To explain or ignore?

A challenge arises whenever something completely baseless and easily refutable gets offered up as shocking truth. Should I attempt to explain it or just ignore it?

Increasingly, the first option — to respond — seems unproductive. Yet the latter can feel like negligence.

It helps to determine the motivation behind the misinformation. Reviewing earlier postings and responses can be beneficial.

For many, the pursuit of truth is not the goal. Rather it is the faulty but comforting reinforcement of preferred conclusions.

A reminder, however: Jesus said only one of those can set you free.

Henry Madison explained why proving something to someone is unlikely change their mind.

“We still have the idea that societies operate using information,” he wrote on X. “They absolutely don’t; they operate using status and conformity….”

This reality reinforces the argument against raising even good arguments — since discovering and embracing accurate information is not often the goal of those dispensing socially-shaped, fear-driven inaccuracies.

Most disappointing is how much of the advancement of clear misinformation is practiced by professing Christians. Often, even in the name of Jesus.

The resulting tragedy is that the biggest threat to truth, justice, equality and human decency in our nation at this moment is fueled primarily by white Americanized Christians who so easily and deeply embrace fear-based, defensive delusion.

Since these regurgitated social media postings tend to be less about seeking answers than agreements, the challenge remains: to respond or not?

Additional questions can help: Will anything constructive come from responding?

Would some accurate information be welcomed — or is this yet another attempt to “prove” one’s preferred position even if false?

Often such misinformation is an advancement of Christian Nationalism — a bastardized concoction of bad politics and worse religion. Race is never far below the surface, if at all.

Immigrants of color have become the primary targets of blame and hatred — earlier occupied by Muslims, African Americans and others considered a threat to white cultural dominance.

The abundant regurgitation of religious misguidances— often tied to preserving social privilege — is now at peak performance 

Discernment may well be the primary missing attribute of Americanized Christianity. Without it, not only falsities get presented as truth but justification for advancing evil is so easily employed.

With friends visiting Atlanta last week, I gladly offered a tour of the city’s rich civil rights sites. I am reminded of some words by Martin Luther King Jr., in his sermon, “A Tough Mind and a Tender Heart.”

“Rarely do we find [people] who willingly engage in hard, solid thinking,” he proclaimed. “There is an almost universal quest for easy answers and half-based solutions. Nothing pains some people more than having to think.”

I would add, nothing taught by parents and teachers is more ignored in the decades that have followed than, “Do your homework.” Which doesn’t mean finding someone who says what you want to hear — and then passing it along as truth.
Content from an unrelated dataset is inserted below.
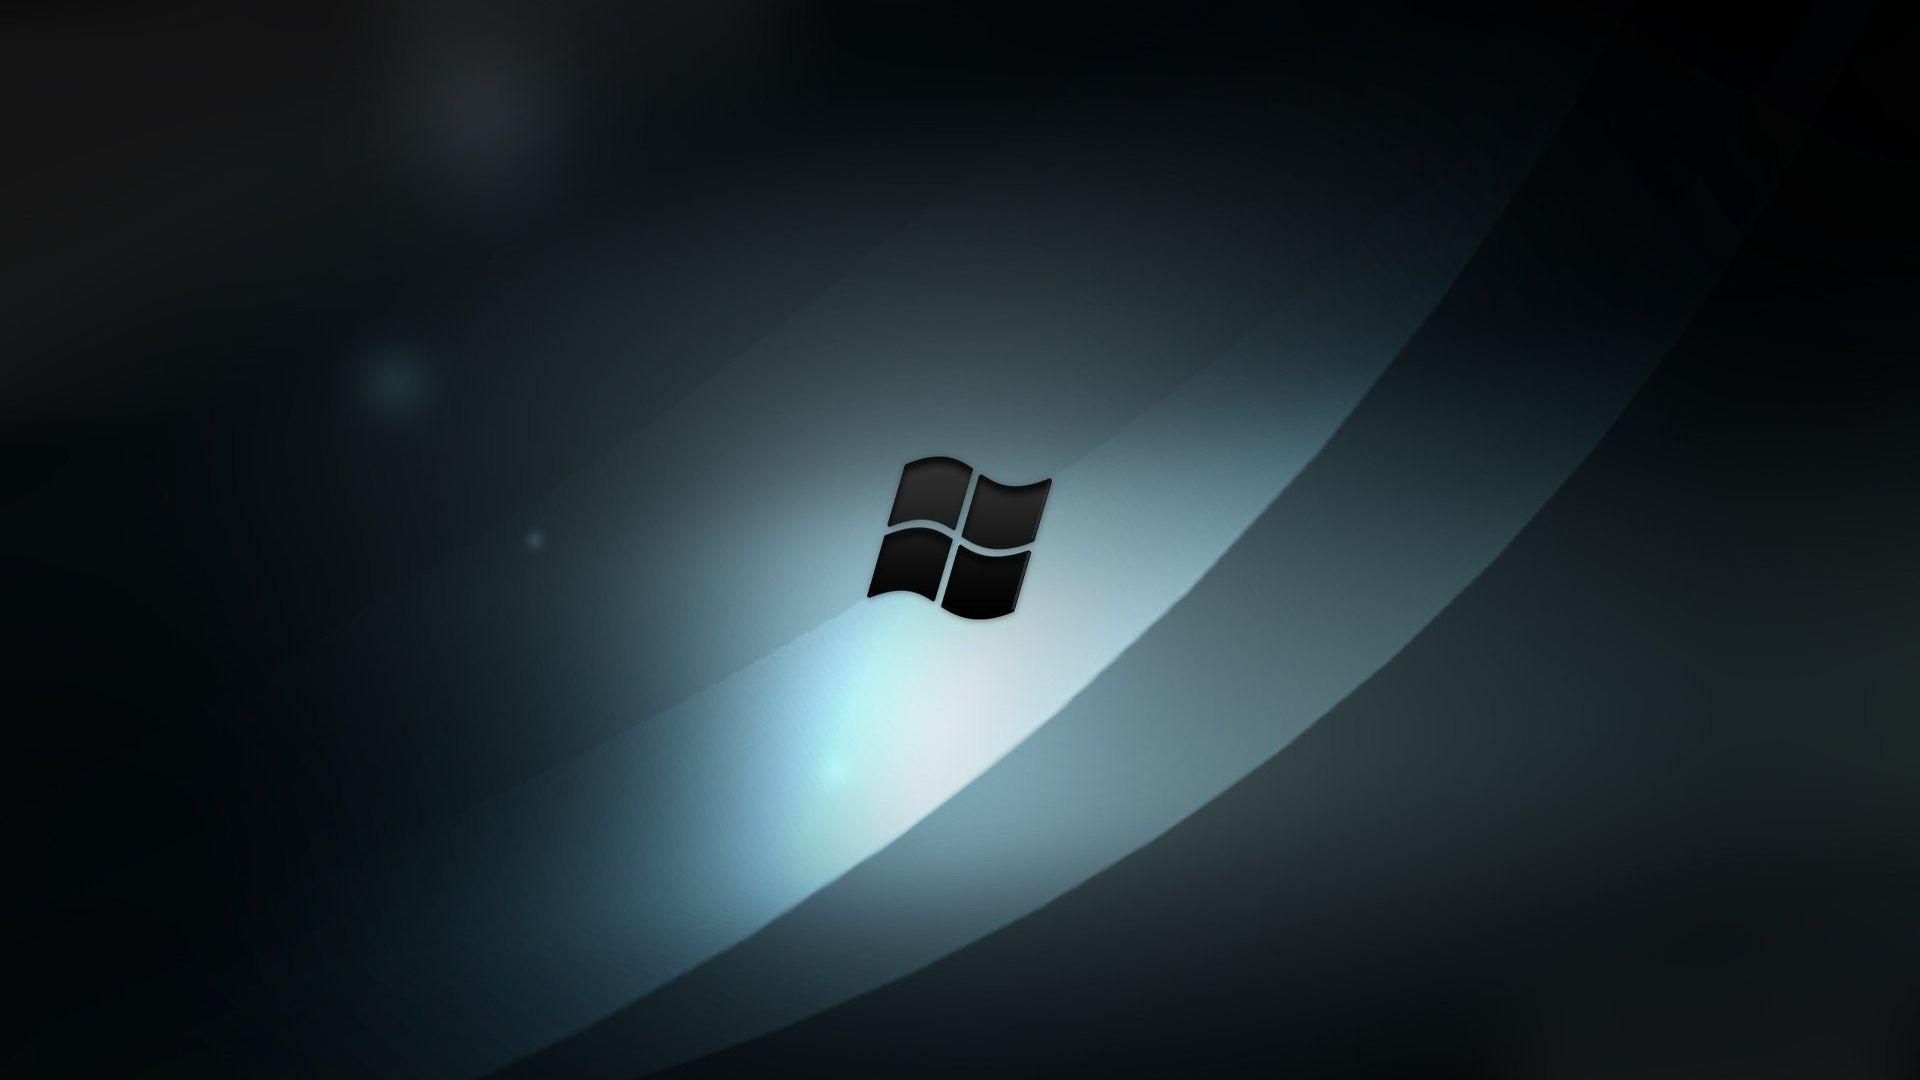 Trololo blogg windows hd wallpaper 1920 1080 hd windows 7 - Windows 10 wallpaper hd 1080p ...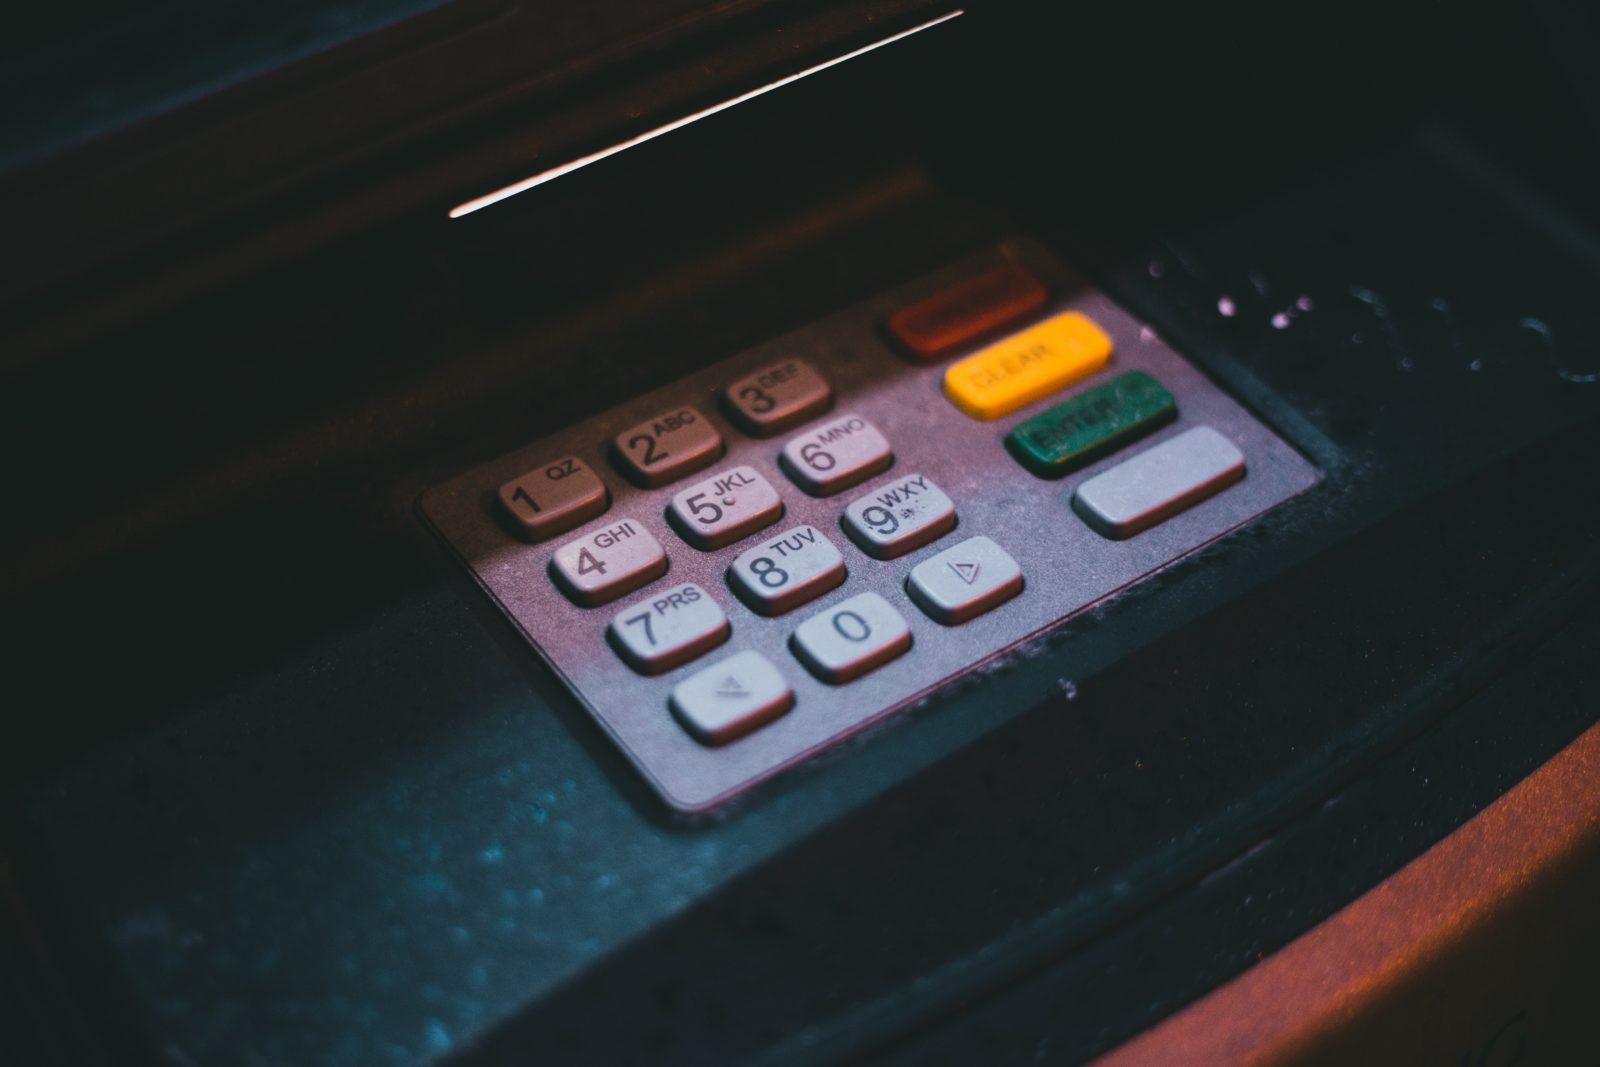 fundraising campaign + calculator

Often the repeated misinformation and wild conspiracies are specifically designed to sow discord and hatred. As revealed recently, these efforts come from those wishing harm over harmony.

The intended repetition creates racially-based fears that induce cruelty — which one should see as absolutely contrary to what Jesus called his followers to be and do.

Yet the question remains: How do I respond if at all?

Much nonsense comes in such large volume that it’s impossible to counter. And the uselessness of explanations eliminates other needed responses.

A more-likely response comes not with any hope of changing the person’s misguided mind — but speaking up for those abused by such false claims.

In those cases, the challenge serves a larger purpose on behalf of those who are targeted and may feel unable to come to their own defense. Perhaps they are reading the post and wondering if anyone claiming to be Christian cares about them.

And while Jesus doesn’t need our defense, I have a hard time giving him over to misrepresentations of who he is and what he came to do.

Therefore, some responses come out of the basic conviction that those who claim to be so chummy with Jesus, ought to somehow reflect how he told his followers to live.

There is a need for great caution, however, on all our parts. None of us has all the truth to be dispensed.

We must continually check our own blind spots and misunderstandings, as well as selfish motivations. And ensure that we don’t let our disappointment turn to anger in which we swap our destructive outrage for someone else’s.

Assuming the position as arbiter of all truth is not our role.

At the least, however, we all can choose the pursuit of truth over untruth — using wisdom and available resources to test presented conclusions. Even while confessing that we will make honest mistakes.

Yet the daily discernment continues: Do I speak up or shut up?

And the best test question seems to be: What will it accomplish?

John D. Pierce is director of the Jesus Worldview Initiative (jesusworldview.org), part of Belmont University’s Rev. Charlie Curb Center for Faith Leadership.